Rosie Wilby: I Am Nesia

Review by Paris Gourtsoyannis | 10 Aug 2008

A popular technique used in trashier film and television is to take an attractive actress and give her thick-rimmed, thick-lensed glasses, ill fitting clothes and a terrible hairdo, setting up a climax in which the awkward, undesireable geek is revealed as a ‘secret’ beauty. Rosie Wilby’s stand up set, entitled I Am Nesia, relies on a similar form of misdirection being perpetrated against the audience; they are willing victims, one and all.

Resplendant in white coat, glasses and goggles, boasting a boffin’s nasal tone and nervous snicker, she is utterly believable as an expert in the study of memory. Wilby, a science graduate and relative Fringe newcomer in only her third year, marshalls an identity so compelling that she is even able to expose its falsehood without losing her credibility – indeed, doing it a power of good when she exposes the bikini she has on under her labcoat.
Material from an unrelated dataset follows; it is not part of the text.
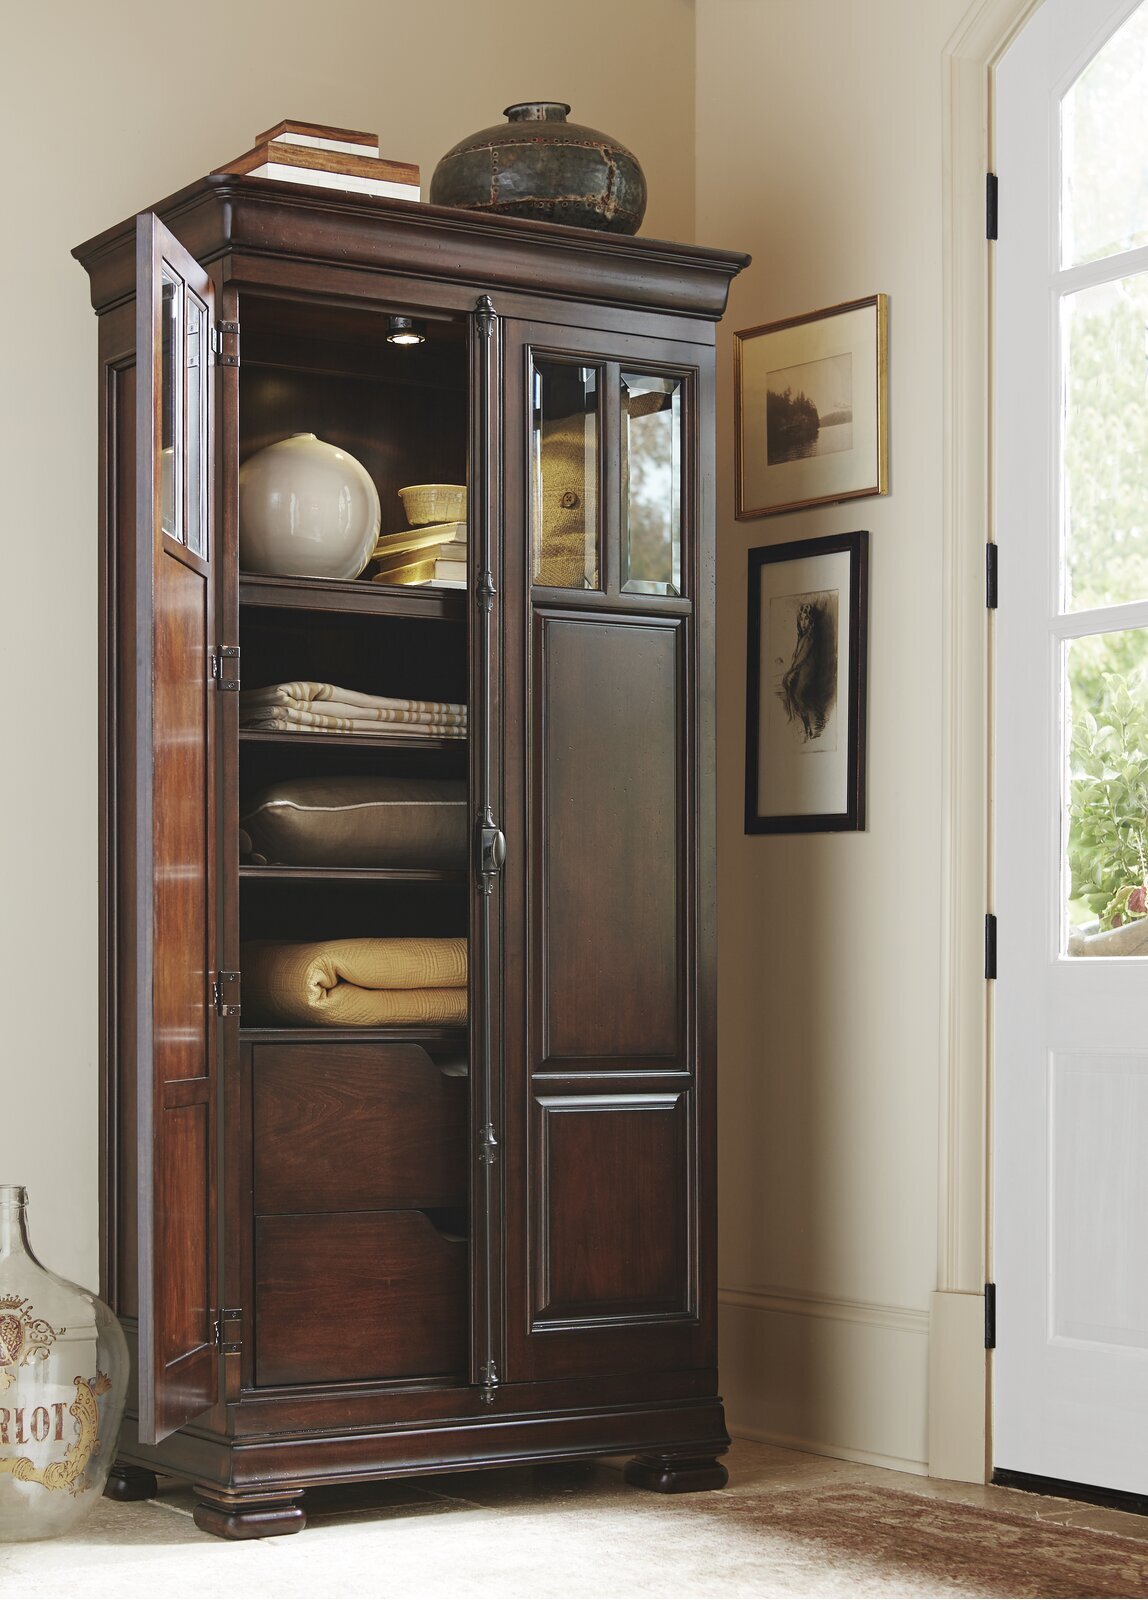 Armoire Used as a Tall Thin Cabinet
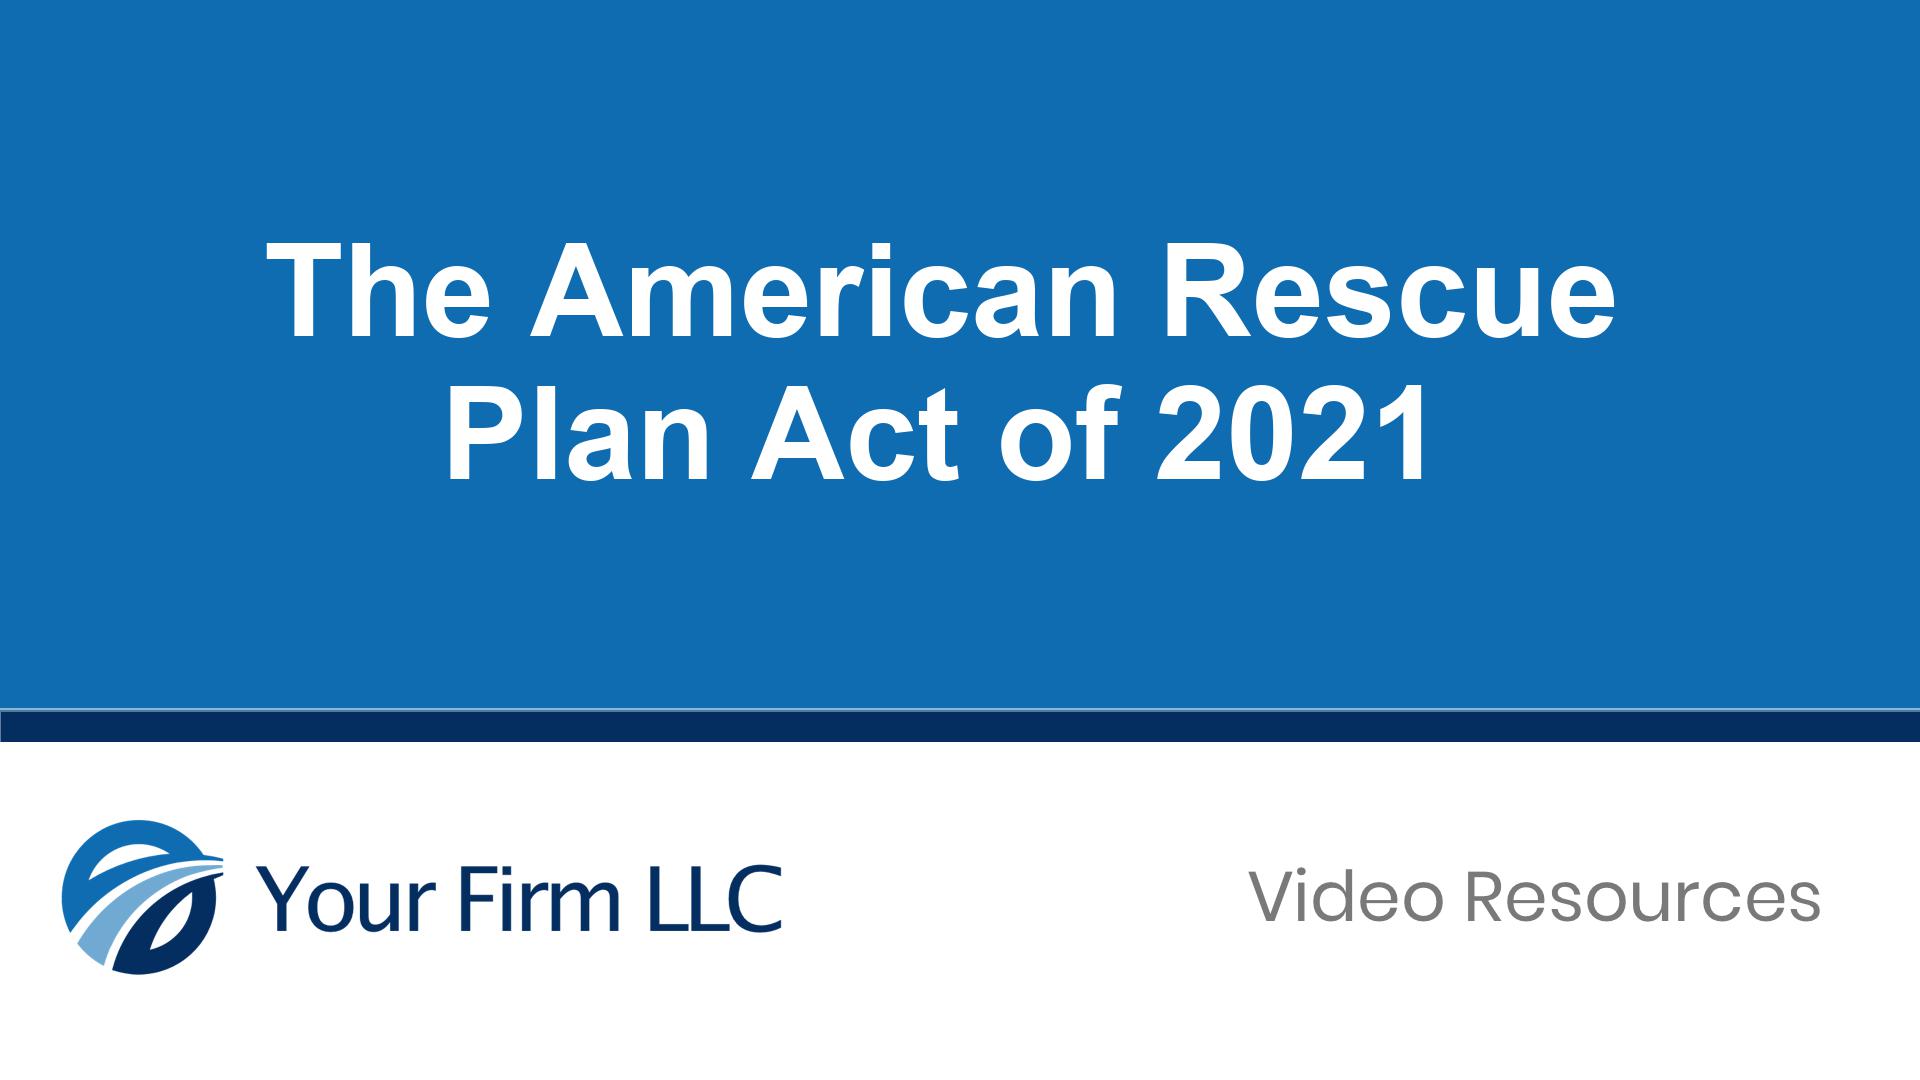 The American Rescue Plan Act of 2021

Sexual innuendo forms the basis of much of Wilby’s matieral, and while repetitive nods to her conquests become tiresome, she sells herself as the naughty neuroscientist flawlessly, like some anti-Nutty Professor in the mould of Jerry Lewis. The material is too reliant on expositionary elements to get many laughs, but the theme of memory knits the performance together creatively and coherently.

Wilby’s development as a comic is incomplete; her confidence is easily shaken and her delivery drops off dramatically towards the end of her set. However, originality and a strong sense of character should see her the rest of the way soon enough.